Пример Камбоджи, несмотря на всю его сюрреалистичность и крайнюю, самоубийственную жестокость, представляет собой лишь крайний пример весьма распространенной модели. За период примерно в шестьдесят лет, с 1917 года по конец 1970-х (а в Эфиопии и до 1980-х), революционные коммунистические режимы успешно подавляли неравенство посредством экспроприации, перераспределения, коллективизации и контроля за ценами. Степень жестокости в осуществлении этих мер сильно варьировала от государства к государству – с Россией, Китаем и Камбоджей на одном краю спектра и Кубой и Никарагуа на другом. Но было бы неверно утверждать, что жестокость всего лишь сопутствовала насильственному выравниванию: даже несмотря на то, что Ленин, Сталин и Мао могли бы добиться своих целей и с меньшим числом жертв, обширная экспроприация неизбежно зависит от определенной доли насилия или реальной угрозы его эскалации.
Лежащий в основе таких перемен принцип оставался одним и тем же: преобразовать общество посредством подавления собственности и рыночных механизмов, с уничтожением различий между классами в процессе. Такие интервенции носили политический характер и сопровождались насильственными потрясениями, сравнимыми по своему масштабу с потрясениями современных мировых войн, описываемых в предыдущих главах.

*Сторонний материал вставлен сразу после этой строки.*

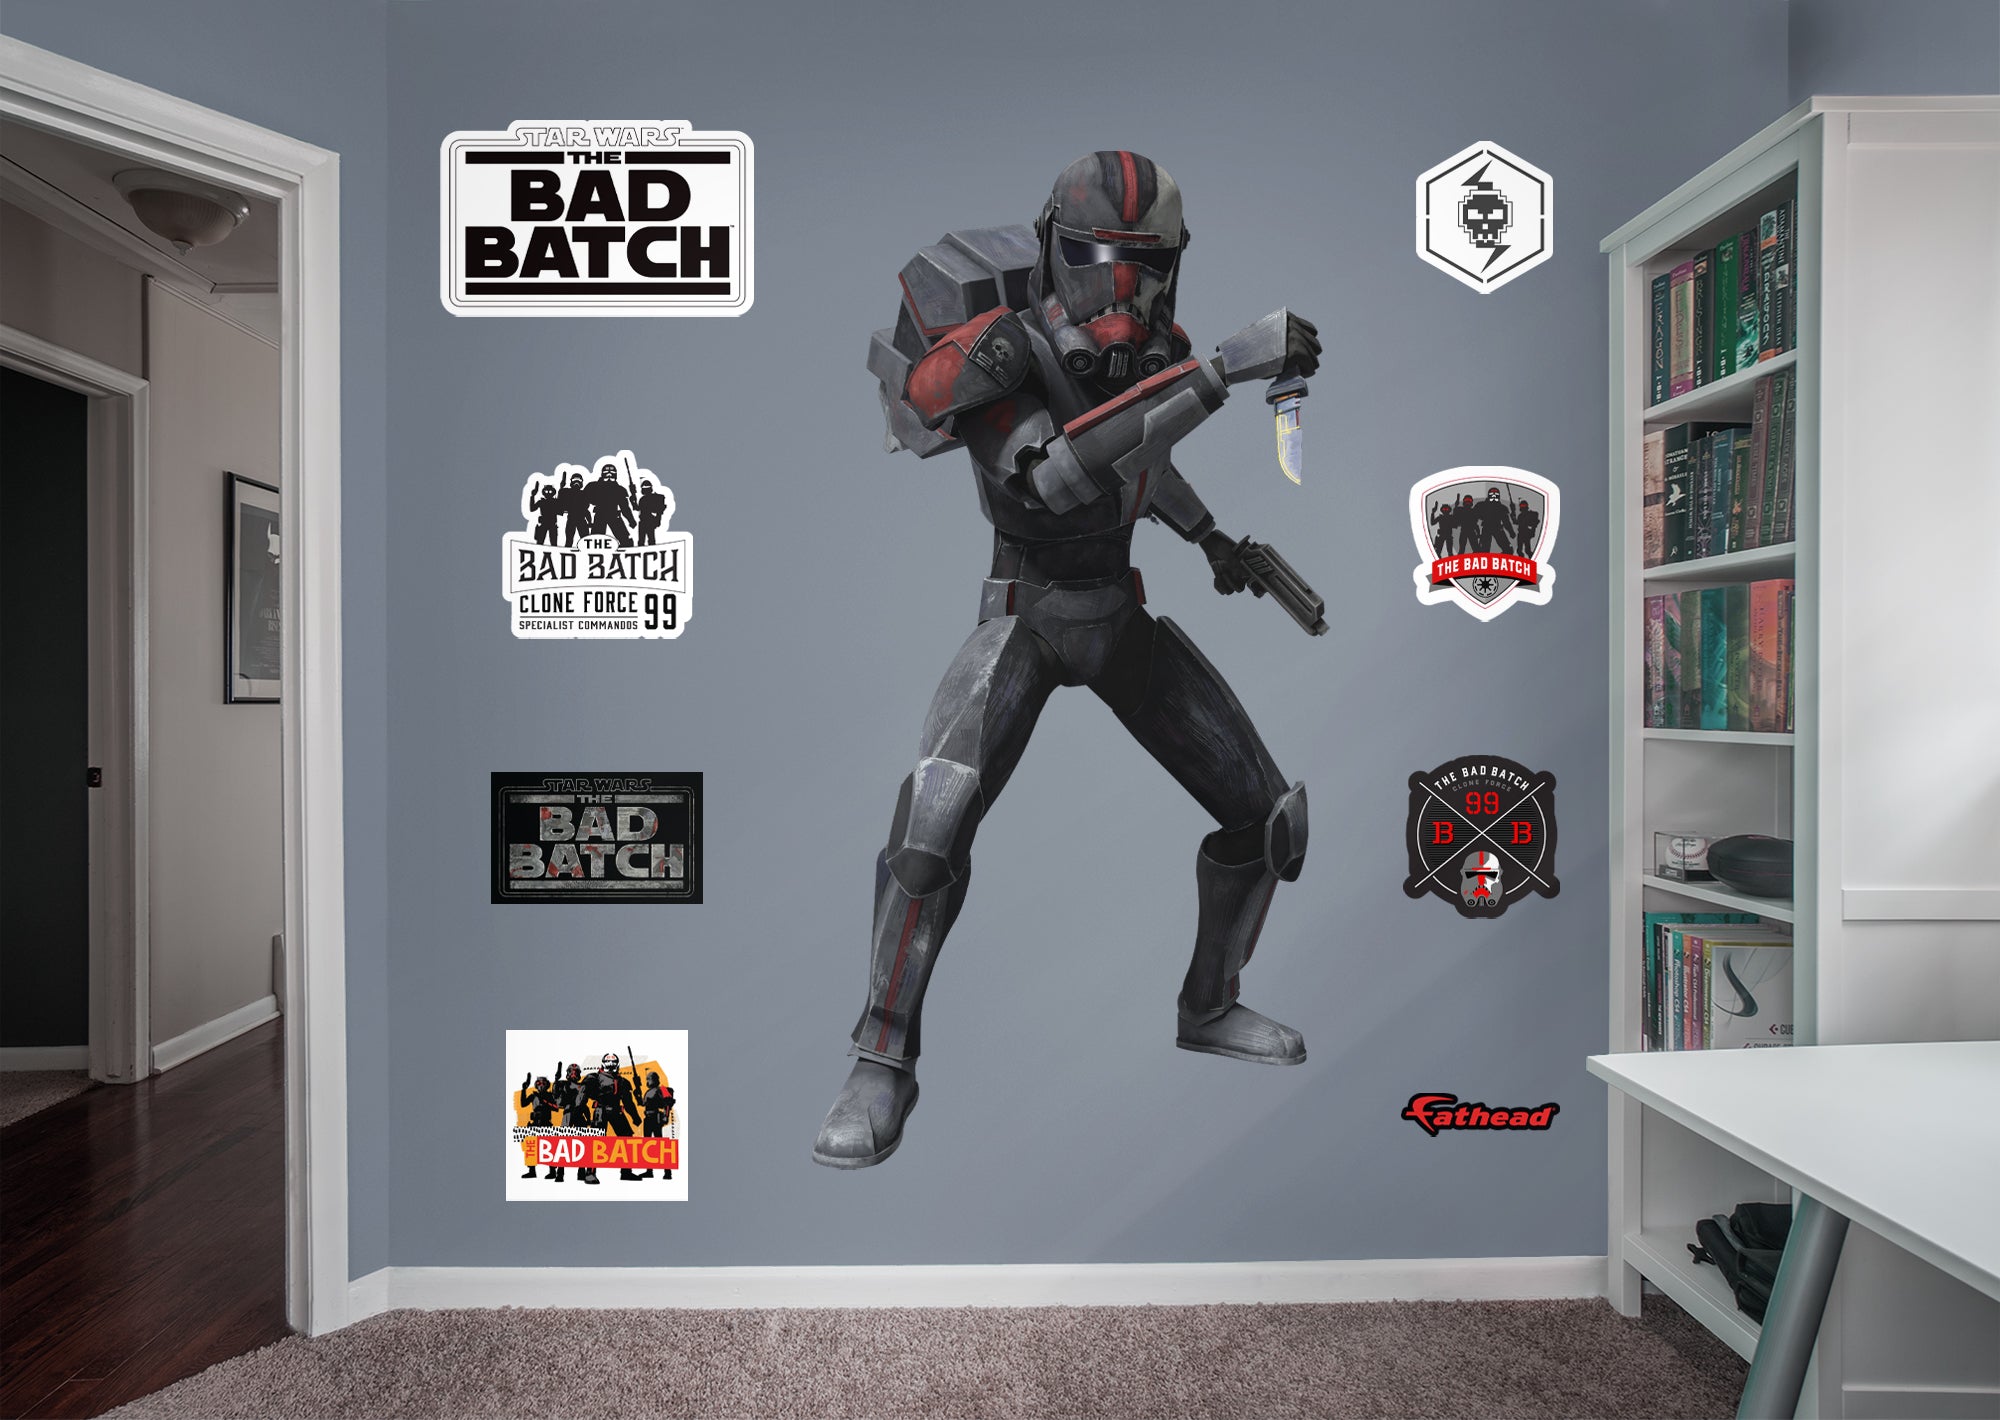 Bad Batch Hunter - Officially Licensed Star Wars Removable Wall Decal Life-Size Character + 2 Decals by Fathead | Vinyl

В этом между войной с массовой мобилизацией и трансформационной революцией есть много общего. Оба эти явления в критической степени опираются на крупномасштабное насилие – подразумеваемое или реально осуществляемое – и приводят к схожему результату. Общее количество человеческих жертв этих процессов хорошо известно: если мировые войны непосредственно или косвенно забрали до 100 миллионов жизней, то коммунизм в ответе за сравнимое количество жертв, по большей части в Китае и Советском Союзе. По своей трагической жестокости трансформационная коммунистическая революция равна войне с массовой мобилизацией, и это второй из наших четырех всадников апокалиптического выравнивания[312].
Глава 8До Ленина
Случалось ли нечто подобное прежде? Были ли предыдущие эпохи свидетелями революций, приводивших к значительному выравниванию дохода или богатства? Мы увидим, что XX век в этом отношении снова представляет собой аномалию. И хотя в досовременных обществах не наблюдалось недостатка народных волнений в городах и сельской местности, они обычно не влияли на распределение материальных ресурсов. Как и у массовой мобилизационной войны, у выравнивающей революции имеется мало предшественниц в доиндустриальную эпоху.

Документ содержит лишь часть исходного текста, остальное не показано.